Mon point de vue est naturellement un peu biaisé, puisque j’ai participé à la traduction de Degenesis. Et honnêtement… on en a bavé. Lardé de citations bibliques et parfois tordues, le texte fait la part belle au mysticisme, aux envolées lyriques… Les descriptions frôlent parfois l’impressionnisme et laissent planer le doute sur de nombreuses facettes du monde de Degenesis. Si j’ai un regret à exprimer quant à la forme du jeu, c’est d’ailleurs l’absence de carte (dans les ouvrages dont nous avons disposé jusqu’ici en tout cas), mais on peut trouver sans difficulté de quoi pallier le problème sur internet.

J’ai eu l’immense plaisir de travailler avec un trio de traducteurs très impliqués (et talentueux !) : Yohann Delalande, Julien Drouet (mon jumeau maléfique… ou bienveillant) et Marianne Feraud.

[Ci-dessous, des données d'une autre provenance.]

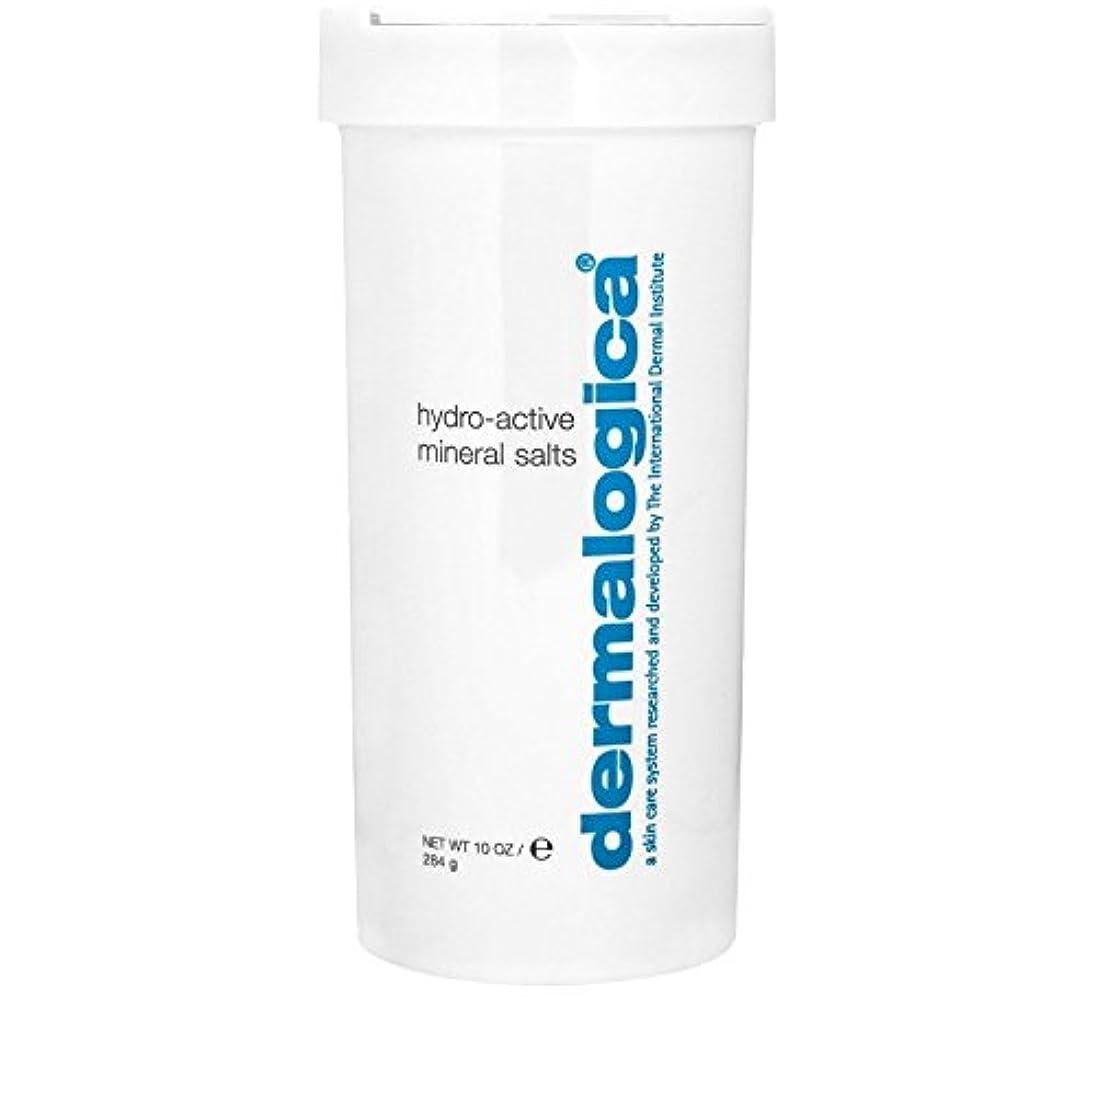 怪物批判するベーカリーDermalogica Hydro Active Mineral Salt 284g (Pack of 6) - ダーマロジカ水力アクティブミネラル塩284グラム x6 [並行輸入品]

Nous avons également bénéficié de l’aide inestimable de Sabine Schütte, qui nous a aidés à reprendre le texte allemand (puisque nous traduisions à partir de la version anglaise) pour éclairer certains points, et de l’équipe d’origine du jeu, dont Marko Djurdjevic et Adrian Fekete, qui ont été d’une disponibilité exemplaire.

Quand j’en aurai terminé avec cette relecture (car il me reste à repasser une dernière fois le texte au peigne fin), je laisserai reposer l’univers de Degenesis un moment avant d’y retourner. Là, je me sens un peu comme un Psychonaute du Cratère de la Traduction en pleine diffraction du continuum espace-linguistique.

Mais j’ai l’impression qu’on tient un sacré bon jeu.